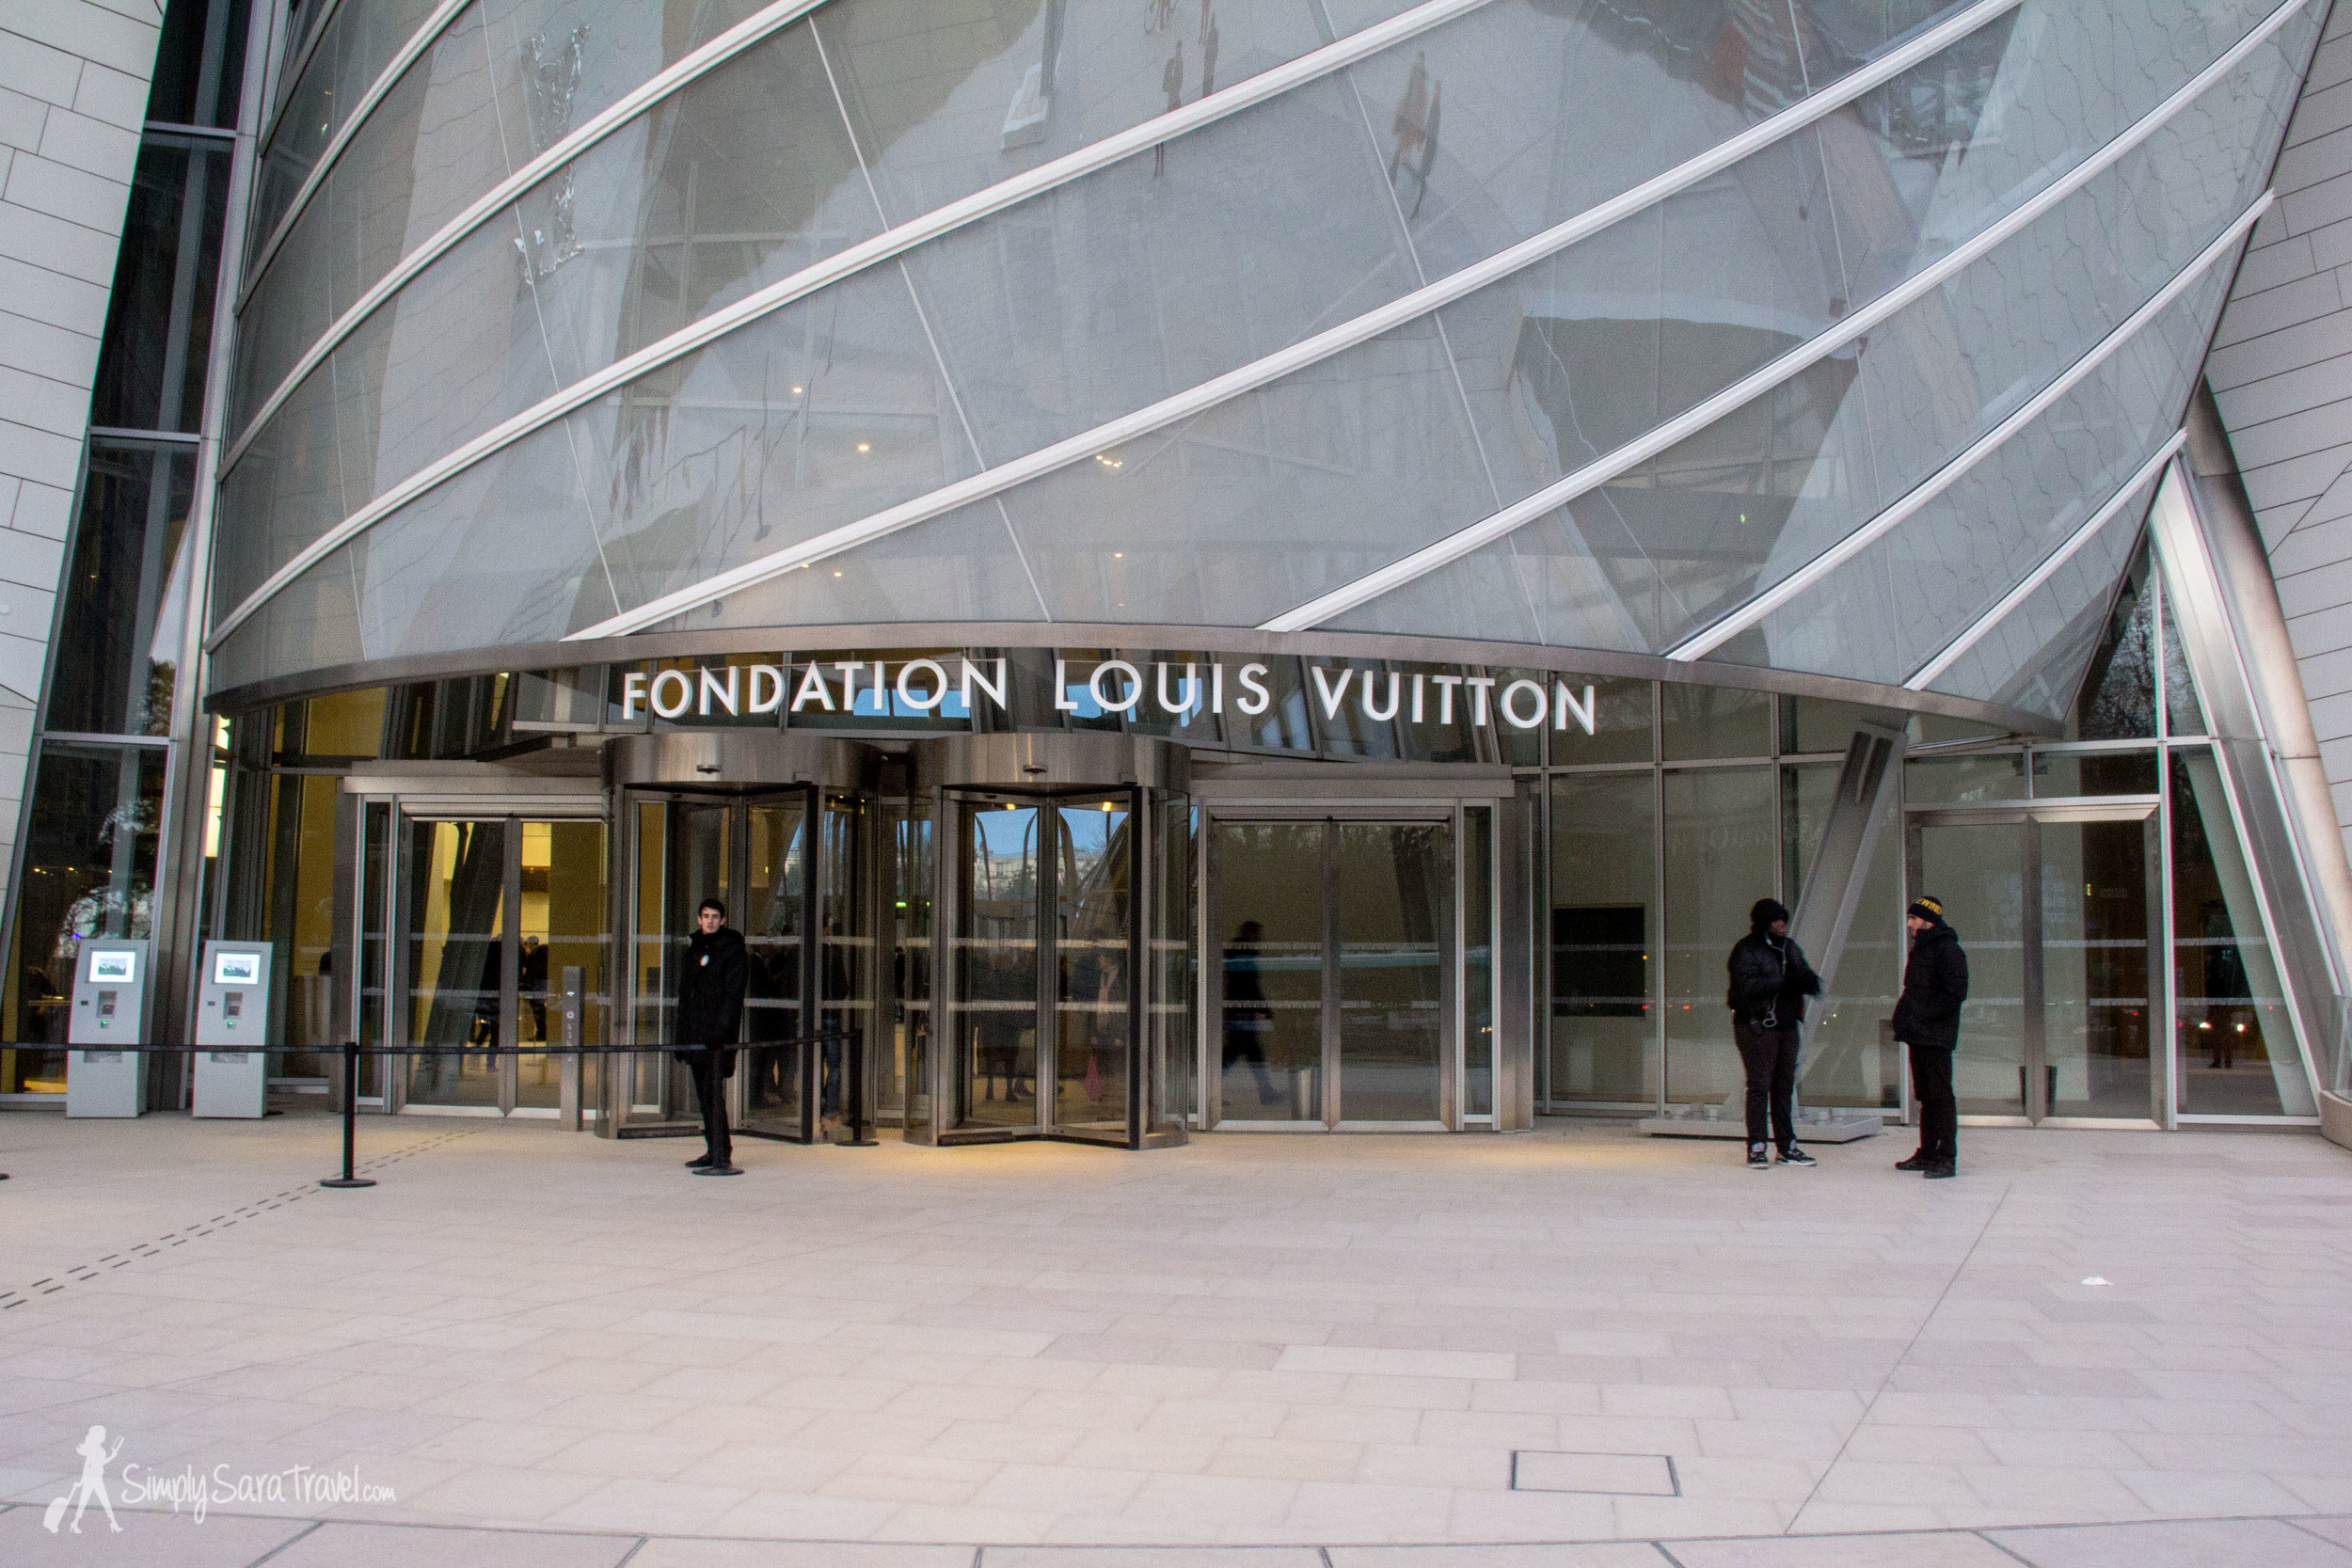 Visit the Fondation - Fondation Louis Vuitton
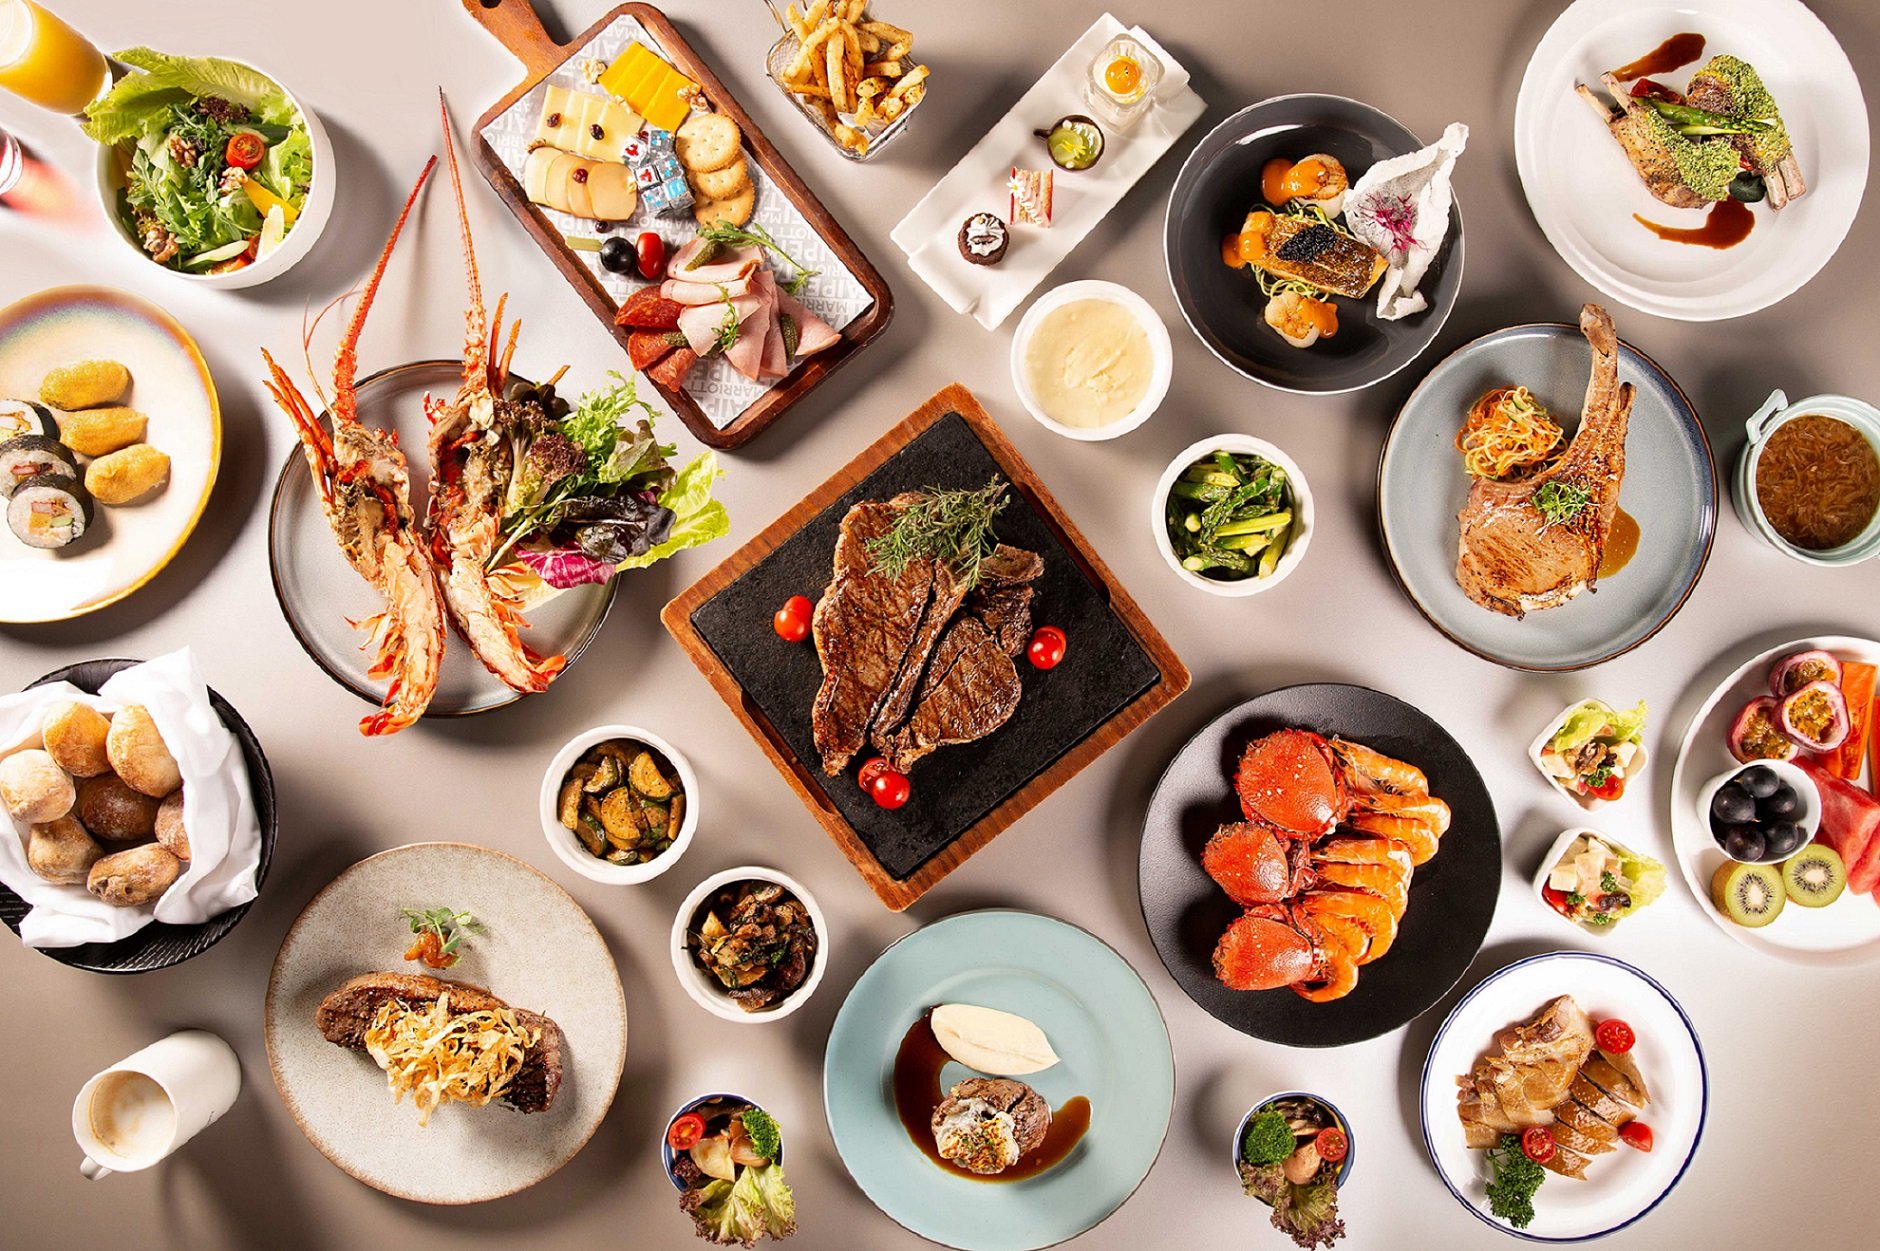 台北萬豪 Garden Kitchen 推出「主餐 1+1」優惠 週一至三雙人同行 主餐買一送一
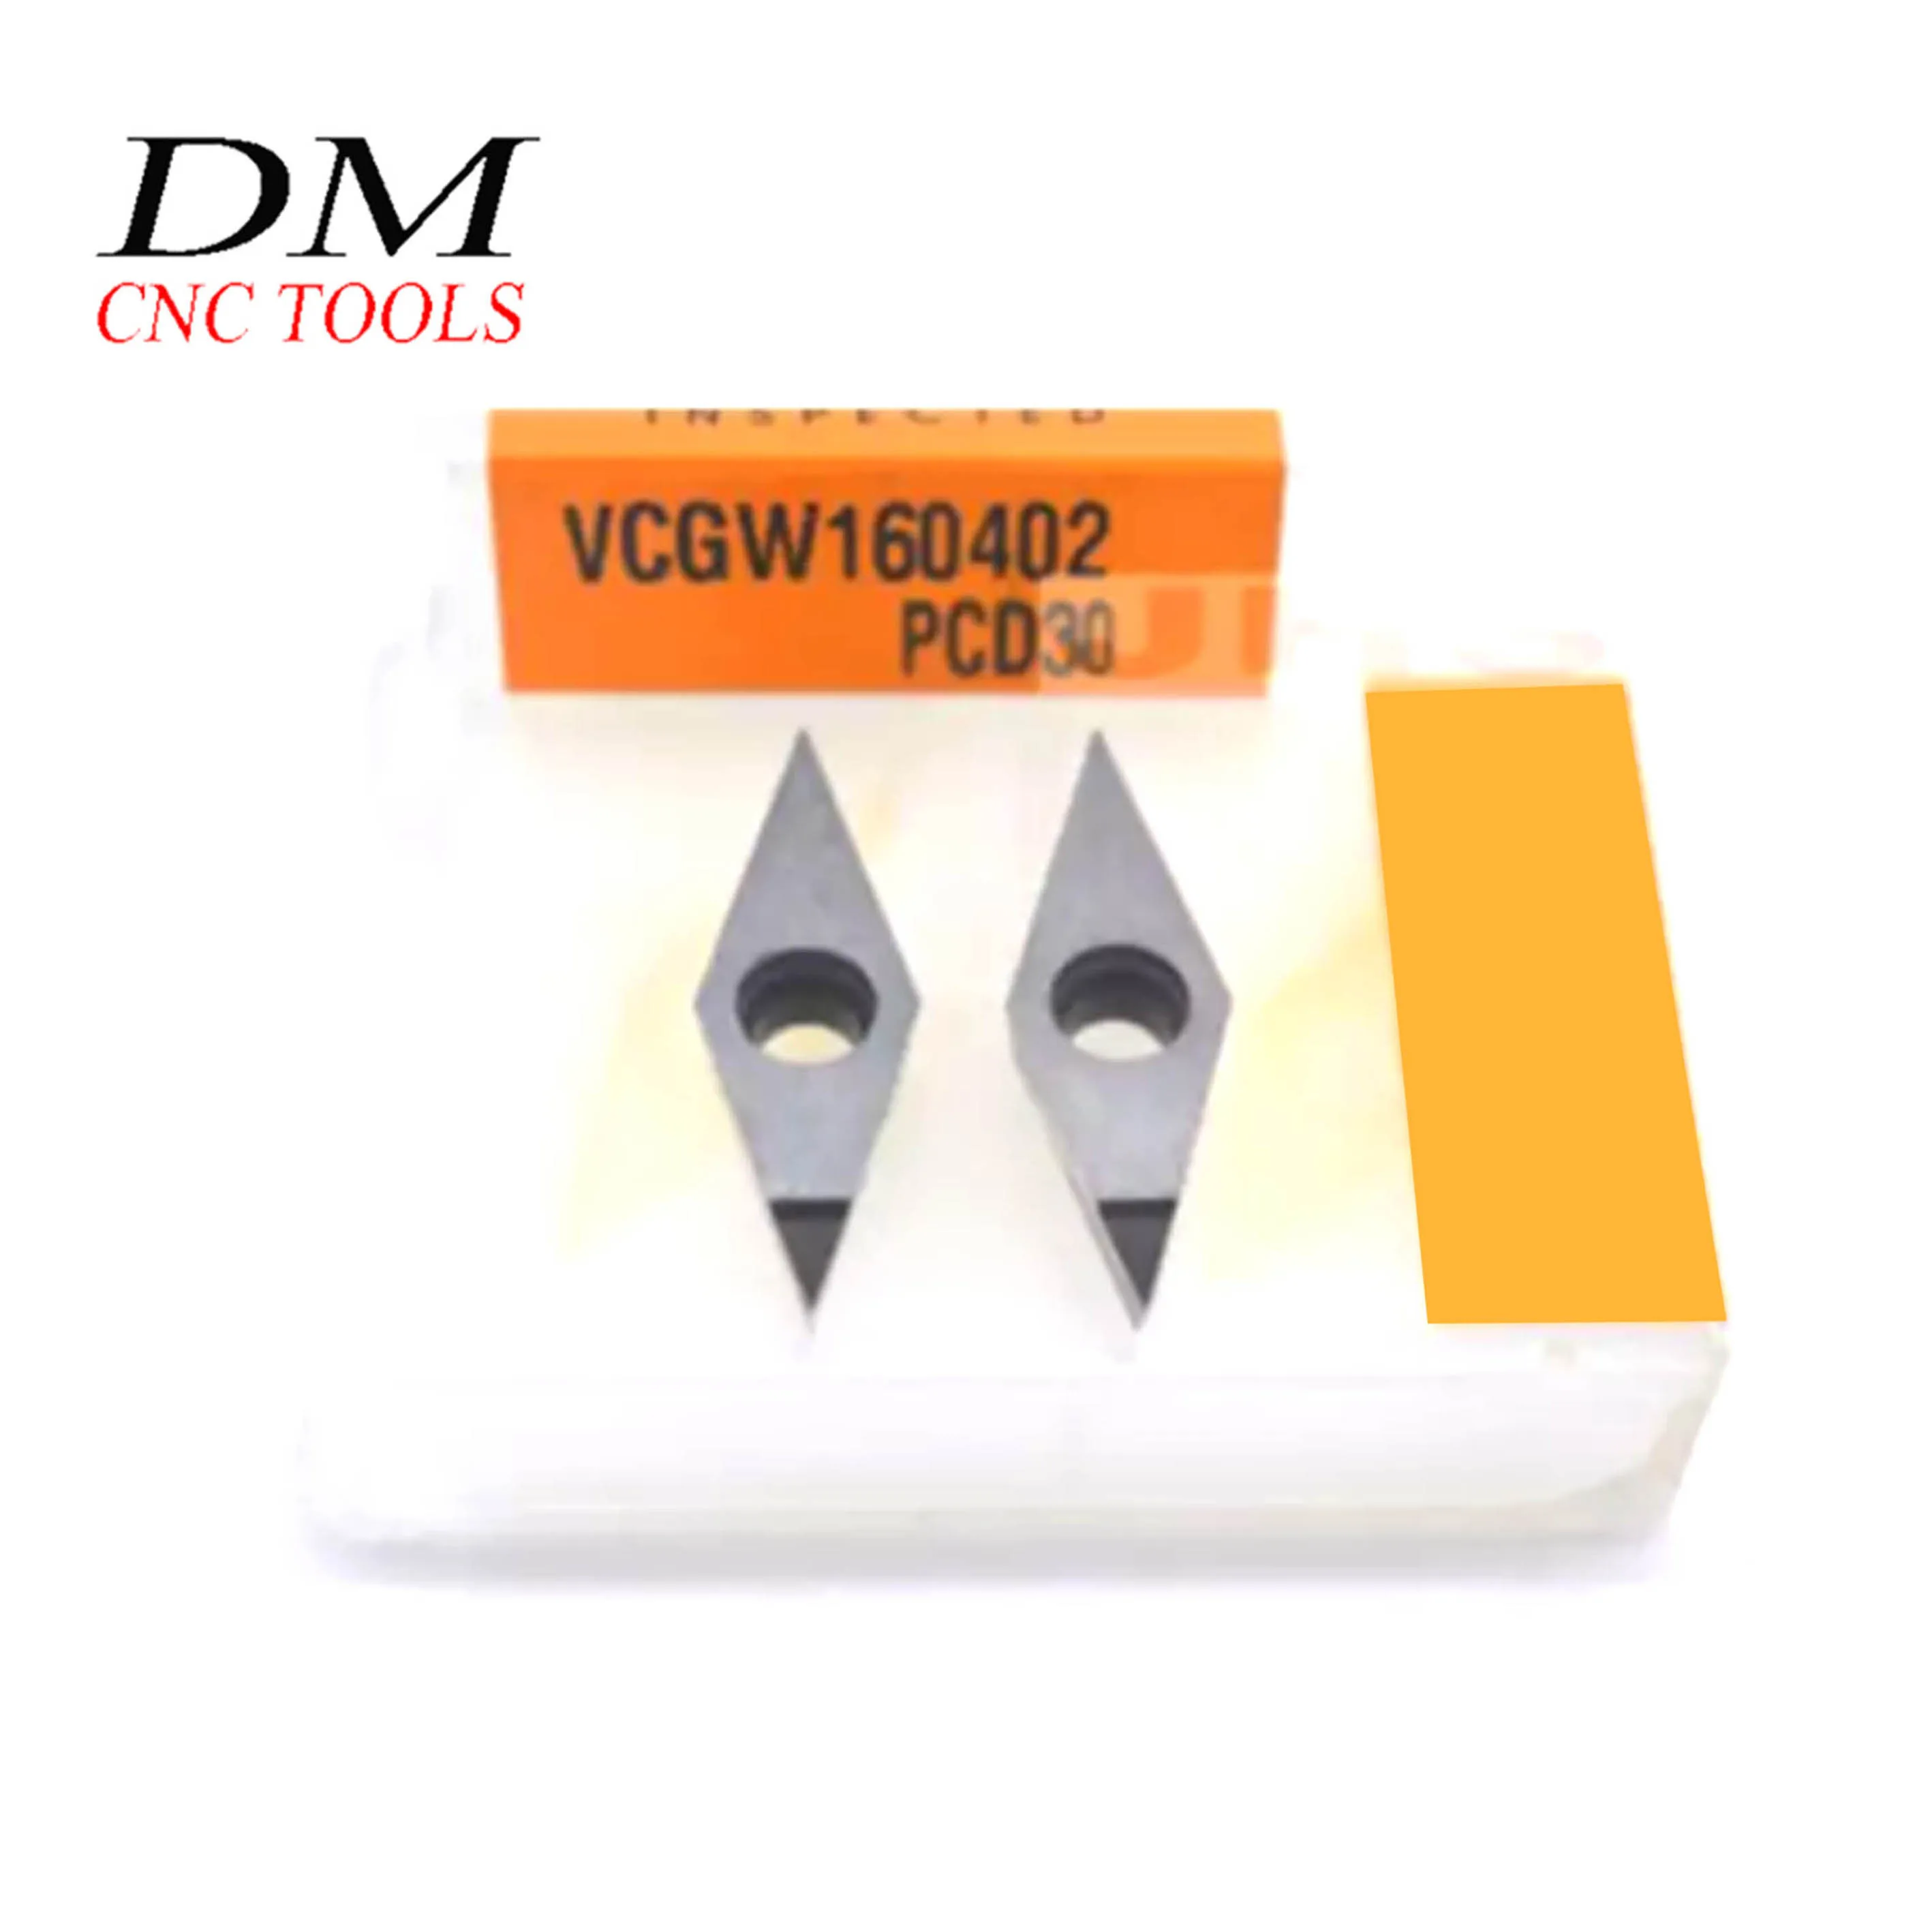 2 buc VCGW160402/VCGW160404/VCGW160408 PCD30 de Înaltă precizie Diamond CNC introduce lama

━━━━━━━━━━━━━━━━━━━━━━━━━━━━━━

The task.
Leave out the pictures and give the rest of the material again, unaltered.

Task answer.
 Visit the Fondation - Fondation Louis Vuitton
 台北萬豪 Garden Kitchen 推出「主餐 1+1」優惠 週一至三雙人同行 主餐買一送一
 2 buc VCGW160402/VCGW160404/VCGW160408 PCD30 de Înaltă precizie Diamond CNC introduce lama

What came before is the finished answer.